The job of the liquid is to cool the engine and it is the radiator’s task to cool the liquid. To do this properly it must be designed for the Btu rejection of the engine. Just because it fits in place has nothing to do with how it performs. That is referred to as fitment.
Factors that impact heat rejection
A radiator consists of the tanks, headers and core. It is the core that has the most influence on its efficiency.
Heated coolant is circulated through the core. There small quantities of coolant travel through the tubes that have fins attached to them. This is where the heat transfer from the liquid to the air occurs. The design of the tubes and fins are paramount to this.
Specifications such as fin density per square inch, the size and shape of the tubes and fins, whether or not a device is added to induce turbulent flow in the tube (very desirable) along with the material used to attach the fins and if they go to the end of the core and butt up against the tank, all add up to making the radiator efficient. Some of these things you can see but many you cannot.
A simple equation for heat rejection required by a radiator is: Btu/min required = 0.65 X HP X 42.2. A 350 HP engine would require a radiator that has the ability to dissipate approximately 9,600 Btu/min to keep the engine cool under a load.
The best choice is to buy a factory replacement.

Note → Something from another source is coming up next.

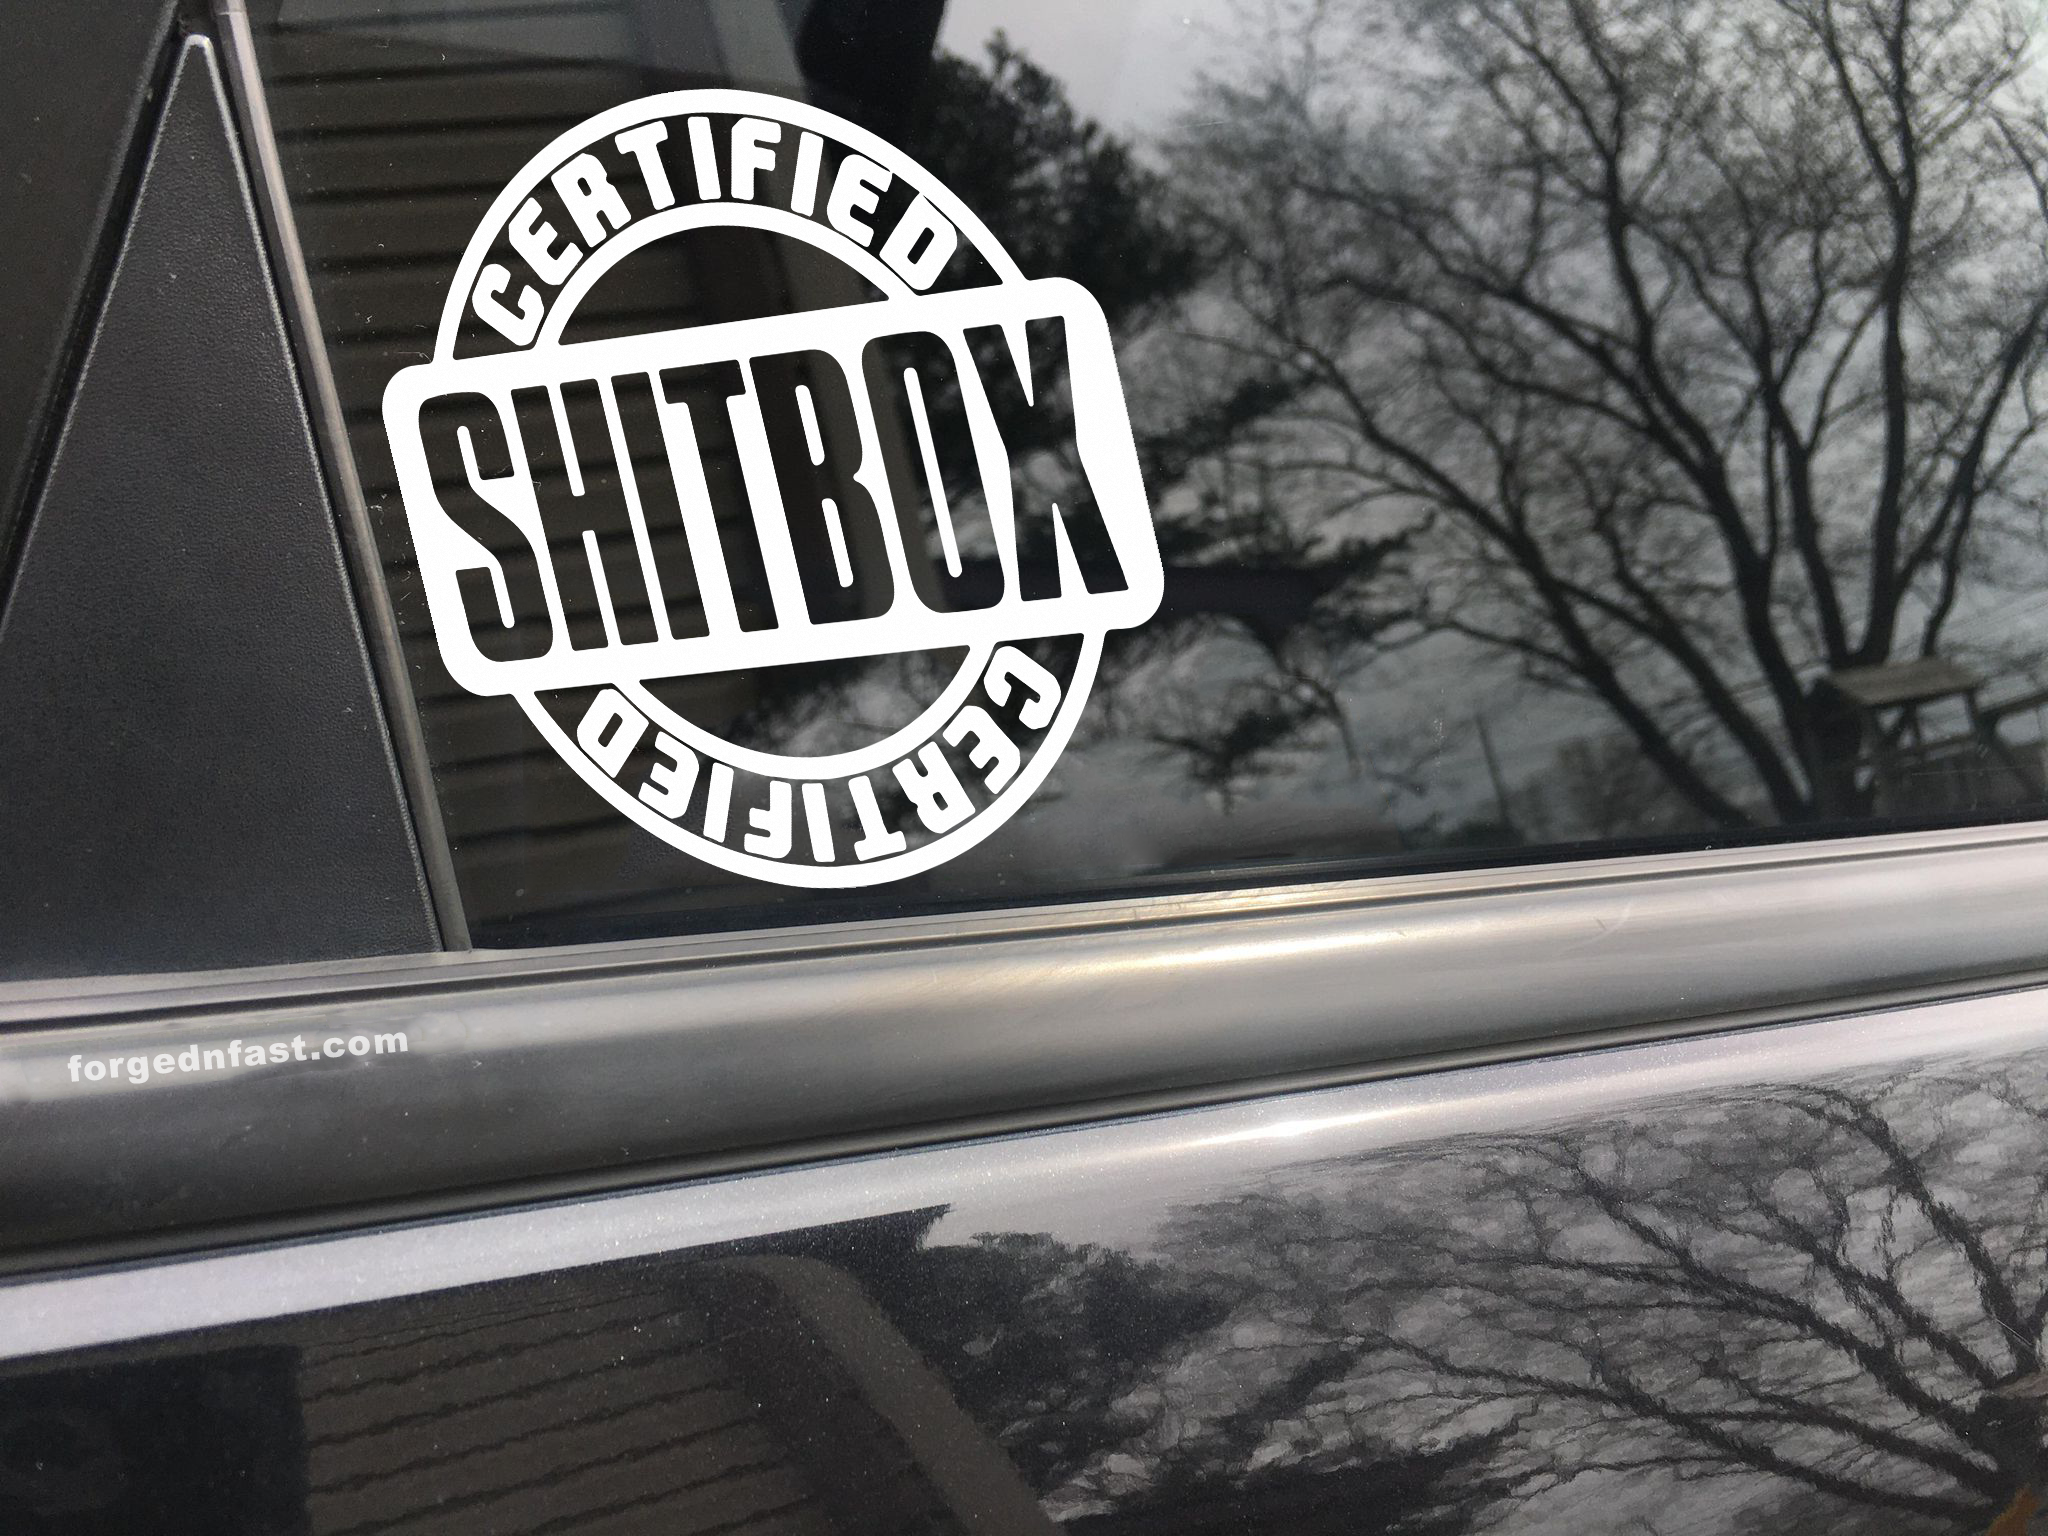 Certified shitbox under construction pos truck van Sticker Vinyl Car Decal

It will have the heat rejection requirement for that engine. It will cost more but it will work as designed.
There are excellent aftermarket brands that produce the same heat rejection as the factory unit. Historically, the lowest cost unit employs an inefficient core that they use for every part number in their catalog and is cut to size. Often the same core is employed on a 90 horsepower economy car as on a 400 HP tractor. That is how they come to market so inexpensively. They make the sale but your engine pays the price!